ANALYSIS To establish Board jurisdiction over a “right to compete” VEOA claim under 5 U.S.C. § 3330a(a)(1)(B), an appellant must (1) show that he exhausted his remedy with DOL and (2) make nonfrivolous allegations that (i) he is a veteran within the meaning of 5 U.S.C. § 3304(f)(1), (ii) the actions at issue took 4

place on or after December 10, 2004, and (iii) the agency denied him the opportunity to compete under merit promotion procedures for a vacant position for which the agency accepted applications from individuals outside its own workforce in violation of 5 U.S.C. § 3304(f)(1). Becker v. Department of Veterans Affairs, 115 M.S.P.R. 409, ¶ 5 (2010). The administrative judge in this case found that the appellant satisfied all of these jurisdictional requirements, and for the reasons explained in the initial decision, we agree.

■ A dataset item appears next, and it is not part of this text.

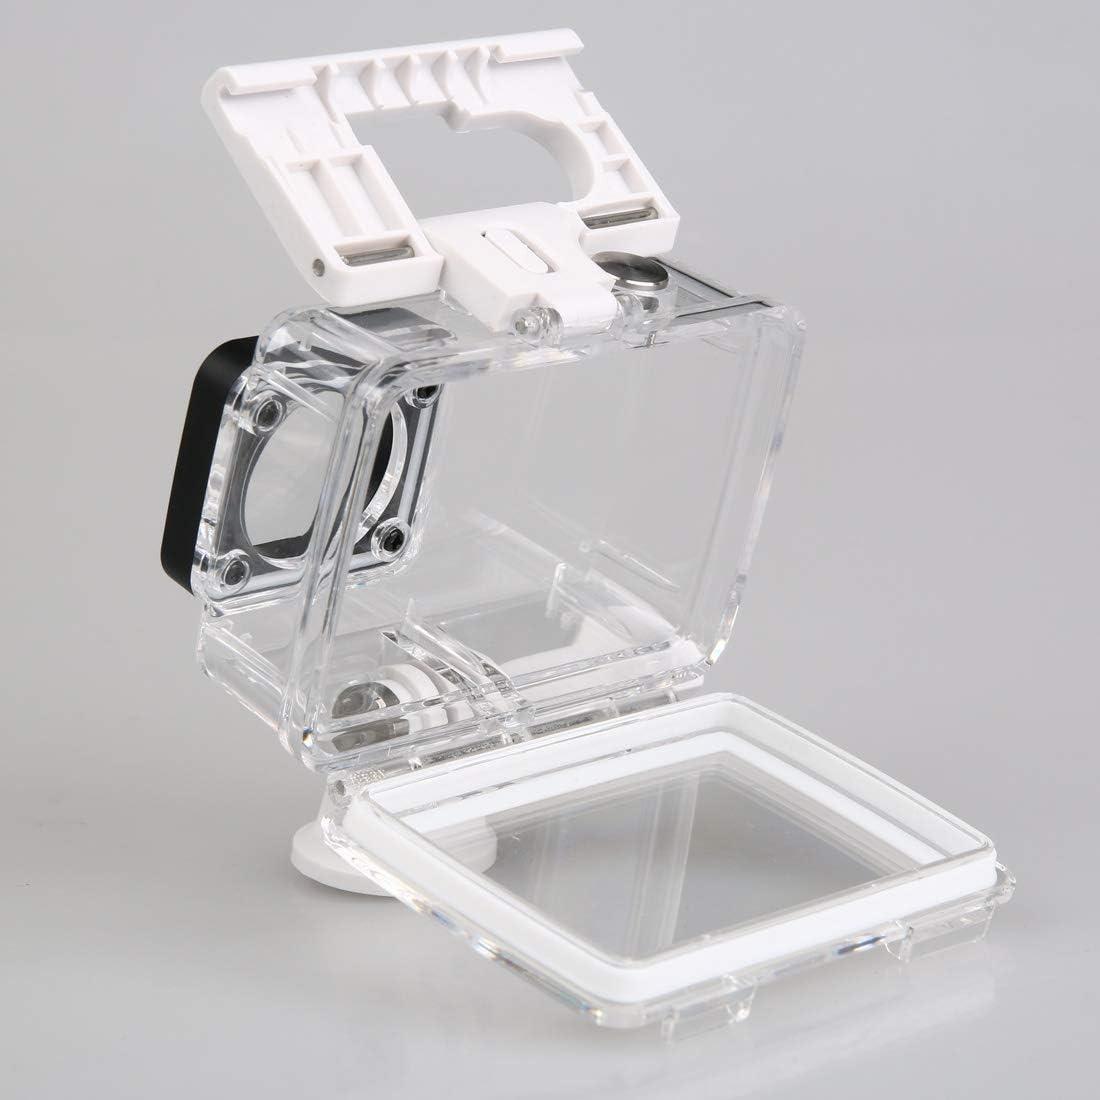 VKeyueDa Waterproof Depth: 40m Color : White White VKeyueDa IP68 Waterproof Housing Protective Case with Buckle Basic Mount for Xiaomi Xiaoyi II 4K Z16FSK01

ID at 3-4. To prevail on the merits of a right to compete claim, the appellant must prove jurisdictional elements (2)(i), (ii), and (iii) by a preponderance of the evidence. Graves v. Department of Veterans Affairs, 114 M.S.P.R. 209, ¶ 19 (2010). In this case, there does not seem to be any dispute about the appellant’s veteran status or the date of the action at issue. IAF, Tab 4 at 3, Tab 6 at 5-6. Therefore, this appeal turns on whether the appellant can prove that the agency denied him the opportunity to compete in a selection process in which the agency was accepting applications from individuals outside its own workforce. The administrative judge found that there was no dispute of material fact on this issue in light of the agency’s assertion that the inclusion of ICTAP candidates was a clerical error, and for that reason, she denied the appellant’s request for corrective action without a hearing. ID at 1, 4-6. For the following reasons, we disagree. The Board may decide the merits of a VEOA appeal without a hearing when there is no genuine dispute of material fact and one party must prevail as a matter of law. Waters-Lindo v. Department of Defense, 112 M.S.P.R. 1, ¶ 5 (2009); see 5 C.F.R.